На этот раз его никто не одернул. Все подавленно молчали под урчания и завывания «Воронка».

– Не беспокойся, наши стоят и того меньше, – сказал вдруг второй арестант, сидящий в самом углу.

Он сидел у борта, соседнего с водительской кабиной. Был расслаблен и собран одновременно, вальяжно закинул ногу на ногу, однако следил за всеми цепким взглядом из-под полуприкрытых век. Это был первый человек на памяти Лема, на ком тюремная одежда не обвисала, как картофельный мешок, а сидела вполне прилично.

– Отчего же вы так думаете, молодой человек? – ответил ему сидящий напротив Лема. – Сомневаюсь, что нас лишат жизни таким же подлым способом.

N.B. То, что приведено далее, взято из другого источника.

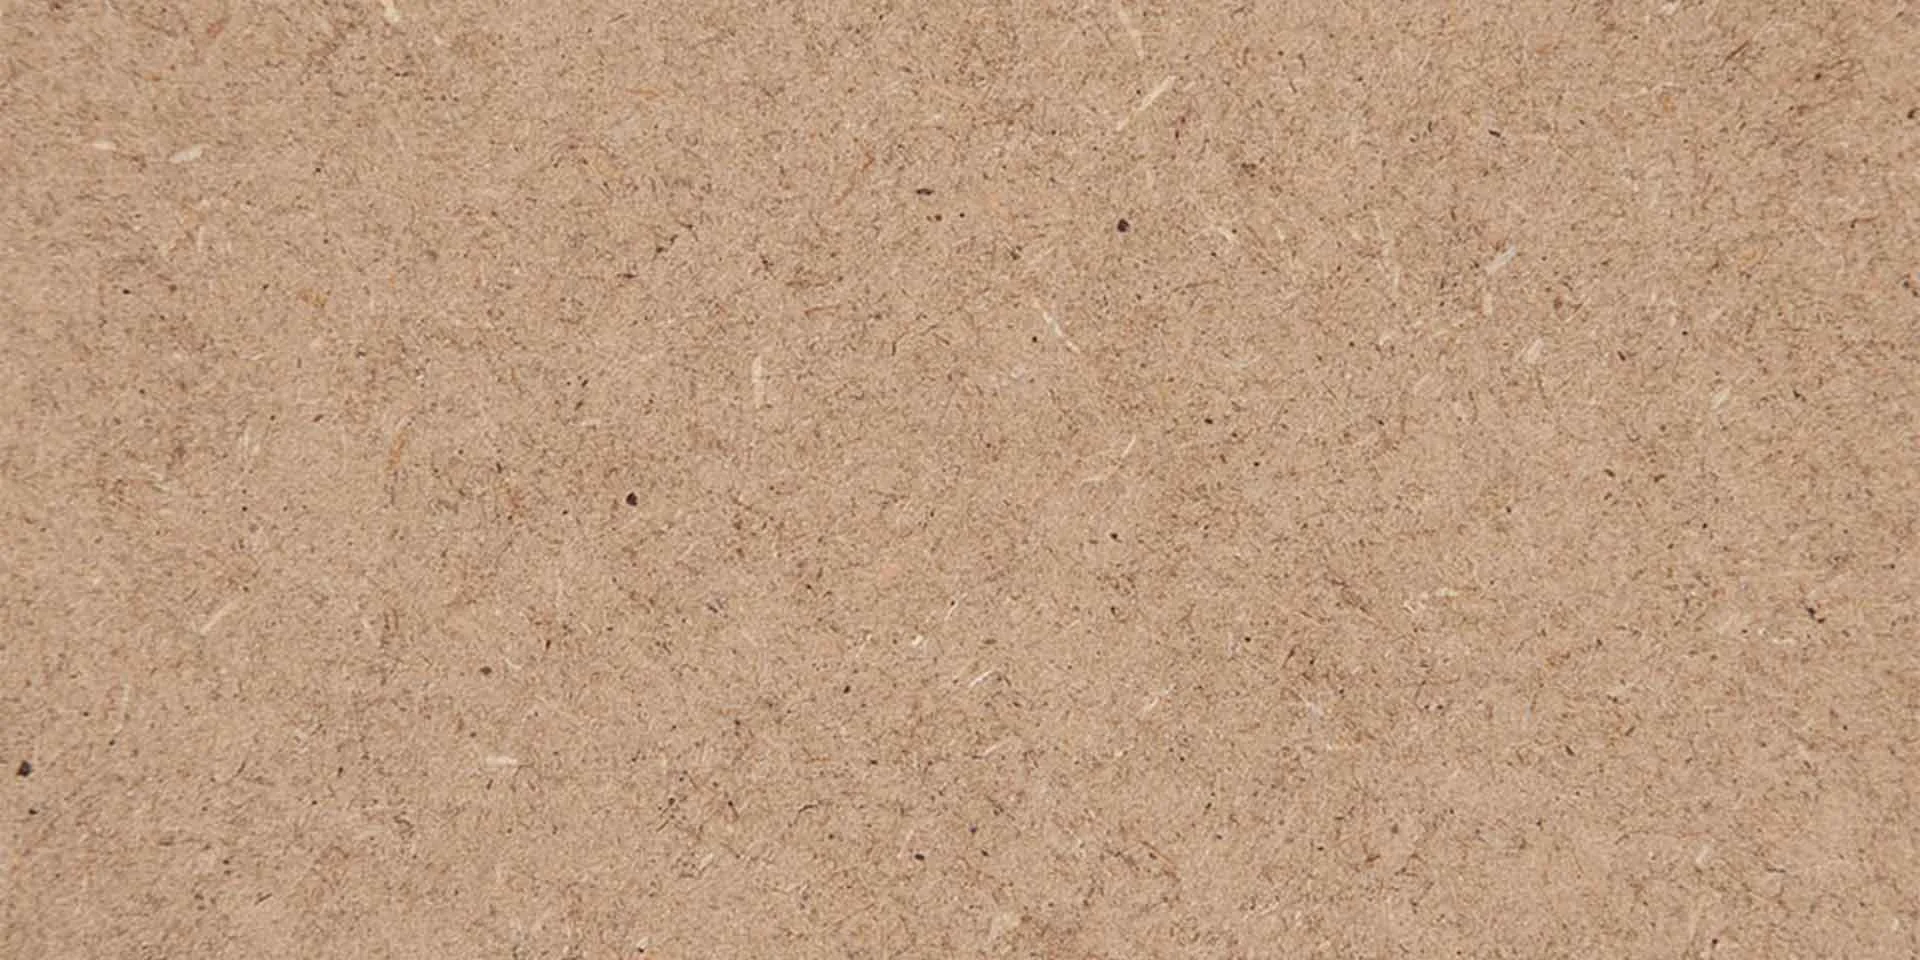 TSFC046 in MDF natural

– Не в том мы положении, чтобы сомневаться. Пустят в расход сейчас где-нибудь по дороге, и дело с концом.

– Для этого на нас бы не тратили топливо и моторесурс этого странного грузовика. Я бы сказал его название, но, боюсь, память меня подводит, – говорящий был похож на умудренного годами врача или, скажем, профессора. На вид ему было от пятидесяти пяти до шестидесяти, лицо имело некоторую бодрость и свежесть, однако волосы имели ту стадию седины, когда цвет напоминает черный молотый перец, смешанный с большим объемом соли. Его речь не была ни громкой, ни тихой. Этот человек сразу понравился Лему.

– Это «Черный Воронок», служебная машина Надзора Над Общественностью, – он протянул руку для рукопожатия, решив начать неизбежное знакомство, – Лемор.

– Очень приятно, молодой человек, мое имя Палий, – его ладонь крепко сжала руку Лема. – Откуда столь широкие познания?

– Как считает наше государство, я связался не с теми людьми, – угрюмо ответил Лем.

– Ну, тогда мы с вами коллеги по несчастью, Лемор, – ответил Палий, слегка удивив молодого подпольщика.

«А вдруг он тоже из Конторы? Хотя я и не припомню там людей его возраста, все же надо будет разузнать при удобном случае», – подумал Лем, но вслух лишь сказал:

– Как и все здесь, думаю.

Охранник ровным счетом никак не реагировал на начавшуюся беседу арестантов. Он периодически поправлял оружие, оглядывался на говорящих и продолжал безучастно смотреть в окошко на задней двери.

– А как ваше имя? – Палий повернулся к человеку в углу.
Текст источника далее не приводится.